§ **Task statement**
The lines from the start of the records through the one containing "Sample page 5" are to be transcribed exactly, and nothing else.

§ **Records for this exercise**
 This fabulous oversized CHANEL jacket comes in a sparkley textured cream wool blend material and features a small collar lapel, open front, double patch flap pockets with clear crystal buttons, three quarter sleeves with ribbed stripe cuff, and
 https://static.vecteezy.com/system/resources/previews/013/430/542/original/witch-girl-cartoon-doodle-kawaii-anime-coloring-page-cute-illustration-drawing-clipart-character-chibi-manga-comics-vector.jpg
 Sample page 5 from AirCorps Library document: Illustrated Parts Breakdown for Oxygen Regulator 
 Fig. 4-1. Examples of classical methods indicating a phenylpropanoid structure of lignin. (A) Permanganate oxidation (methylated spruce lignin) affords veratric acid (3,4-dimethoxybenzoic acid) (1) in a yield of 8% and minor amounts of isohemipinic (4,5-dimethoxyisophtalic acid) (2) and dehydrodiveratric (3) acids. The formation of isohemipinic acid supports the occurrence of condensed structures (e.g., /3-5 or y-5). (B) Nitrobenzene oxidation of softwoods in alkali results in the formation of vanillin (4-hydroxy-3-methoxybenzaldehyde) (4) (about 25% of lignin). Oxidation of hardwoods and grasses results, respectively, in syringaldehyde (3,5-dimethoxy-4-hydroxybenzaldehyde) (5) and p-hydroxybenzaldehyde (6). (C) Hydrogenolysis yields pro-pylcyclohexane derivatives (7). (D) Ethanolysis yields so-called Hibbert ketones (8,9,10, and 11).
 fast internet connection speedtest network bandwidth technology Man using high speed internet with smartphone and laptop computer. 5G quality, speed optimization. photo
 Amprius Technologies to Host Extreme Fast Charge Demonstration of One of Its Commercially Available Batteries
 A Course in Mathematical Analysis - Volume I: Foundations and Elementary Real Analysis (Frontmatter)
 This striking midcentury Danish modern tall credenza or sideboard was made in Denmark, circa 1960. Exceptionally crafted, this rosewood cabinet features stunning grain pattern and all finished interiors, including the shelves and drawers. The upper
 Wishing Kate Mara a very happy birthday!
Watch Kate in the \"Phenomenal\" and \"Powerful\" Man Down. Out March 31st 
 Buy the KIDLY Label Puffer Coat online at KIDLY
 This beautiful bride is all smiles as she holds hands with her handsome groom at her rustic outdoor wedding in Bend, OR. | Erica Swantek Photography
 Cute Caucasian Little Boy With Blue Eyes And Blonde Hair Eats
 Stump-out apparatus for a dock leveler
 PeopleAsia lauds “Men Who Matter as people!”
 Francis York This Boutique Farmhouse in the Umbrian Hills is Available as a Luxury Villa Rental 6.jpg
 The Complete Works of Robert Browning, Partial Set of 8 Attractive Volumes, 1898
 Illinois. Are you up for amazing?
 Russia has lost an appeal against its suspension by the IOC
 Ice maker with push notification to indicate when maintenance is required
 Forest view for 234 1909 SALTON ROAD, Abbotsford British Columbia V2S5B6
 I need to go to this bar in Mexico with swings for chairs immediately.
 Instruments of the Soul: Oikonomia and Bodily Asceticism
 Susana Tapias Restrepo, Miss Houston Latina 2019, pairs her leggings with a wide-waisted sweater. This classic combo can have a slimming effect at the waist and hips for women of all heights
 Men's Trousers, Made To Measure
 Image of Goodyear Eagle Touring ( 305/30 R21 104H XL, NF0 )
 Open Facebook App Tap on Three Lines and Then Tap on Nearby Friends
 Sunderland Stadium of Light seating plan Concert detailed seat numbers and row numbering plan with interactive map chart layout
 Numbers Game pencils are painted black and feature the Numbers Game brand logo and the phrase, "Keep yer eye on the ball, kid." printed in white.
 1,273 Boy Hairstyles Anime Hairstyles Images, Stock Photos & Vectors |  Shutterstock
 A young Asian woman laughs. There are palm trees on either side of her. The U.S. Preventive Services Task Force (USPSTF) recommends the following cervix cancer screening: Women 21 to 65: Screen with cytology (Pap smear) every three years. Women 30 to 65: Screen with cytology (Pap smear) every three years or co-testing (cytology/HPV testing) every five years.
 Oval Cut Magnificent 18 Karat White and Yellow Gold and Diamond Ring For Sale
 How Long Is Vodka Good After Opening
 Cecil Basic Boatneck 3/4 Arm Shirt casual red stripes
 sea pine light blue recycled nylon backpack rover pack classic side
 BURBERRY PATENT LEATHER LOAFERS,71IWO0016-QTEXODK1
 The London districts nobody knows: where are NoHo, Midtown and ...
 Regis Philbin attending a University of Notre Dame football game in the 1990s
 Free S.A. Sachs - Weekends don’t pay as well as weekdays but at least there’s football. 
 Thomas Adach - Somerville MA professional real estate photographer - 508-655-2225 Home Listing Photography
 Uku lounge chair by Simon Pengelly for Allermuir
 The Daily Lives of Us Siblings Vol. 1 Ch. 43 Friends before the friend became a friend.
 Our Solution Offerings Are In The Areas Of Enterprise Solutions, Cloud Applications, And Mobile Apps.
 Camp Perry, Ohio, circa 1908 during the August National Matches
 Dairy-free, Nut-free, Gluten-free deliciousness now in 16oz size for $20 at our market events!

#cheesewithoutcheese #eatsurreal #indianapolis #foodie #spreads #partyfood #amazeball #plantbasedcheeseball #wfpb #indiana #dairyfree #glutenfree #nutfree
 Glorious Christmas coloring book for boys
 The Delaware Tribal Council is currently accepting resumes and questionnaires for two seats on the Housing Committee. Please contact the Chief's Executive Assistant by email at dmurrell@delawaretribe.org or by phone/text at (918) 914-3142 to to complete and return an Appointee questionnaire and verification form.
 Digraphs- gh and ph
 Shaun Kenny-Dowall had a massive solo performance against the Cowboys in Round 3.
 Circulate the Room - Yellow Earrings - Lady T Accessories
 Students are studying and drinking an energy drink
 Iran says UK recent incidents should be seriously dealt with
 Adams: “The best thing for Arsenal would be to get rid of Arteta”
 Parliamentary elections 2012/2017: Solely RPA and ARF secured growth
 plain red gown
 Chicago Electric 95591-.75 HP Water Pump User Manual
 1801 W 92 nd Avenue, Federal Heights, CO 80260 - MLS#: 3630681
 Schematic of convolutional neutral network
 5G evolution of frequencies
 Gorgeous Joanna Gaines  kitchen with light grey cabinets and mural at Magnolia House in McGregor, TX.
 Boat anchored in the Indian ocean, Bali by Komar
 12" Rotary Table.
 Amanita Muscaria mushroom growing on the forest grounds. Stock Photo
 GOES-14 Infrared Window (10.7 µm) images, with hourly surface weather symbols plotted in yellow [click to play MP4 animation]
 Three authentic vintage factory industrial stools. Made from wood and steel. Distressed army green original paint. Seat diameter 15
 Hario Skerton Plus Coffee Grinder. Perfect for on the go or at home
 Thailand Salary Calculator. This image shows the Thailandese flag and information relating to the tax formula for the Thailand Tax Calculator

§ **Output**
 This fabulous oversized CHANEL jacket comes in a sparkley textured cream wool blend material and features a small collar lapel, open front, double patch flap pockets with clear crystal buttons, three quarter sleeves with ribbed stripe cuff, and
 https://static.vecteezy.com/system/resources/previews/013/430/542/original/witch-girl-cartoon-doodle-kawaii-anime-coloring-page-cute-illustration-drawing-clipart-character-chibi-manga-comics-vector.jpg
 Sample page 5 from AirCorps Library document: Illustrated Parts Breakdown for Oxygen Regulator 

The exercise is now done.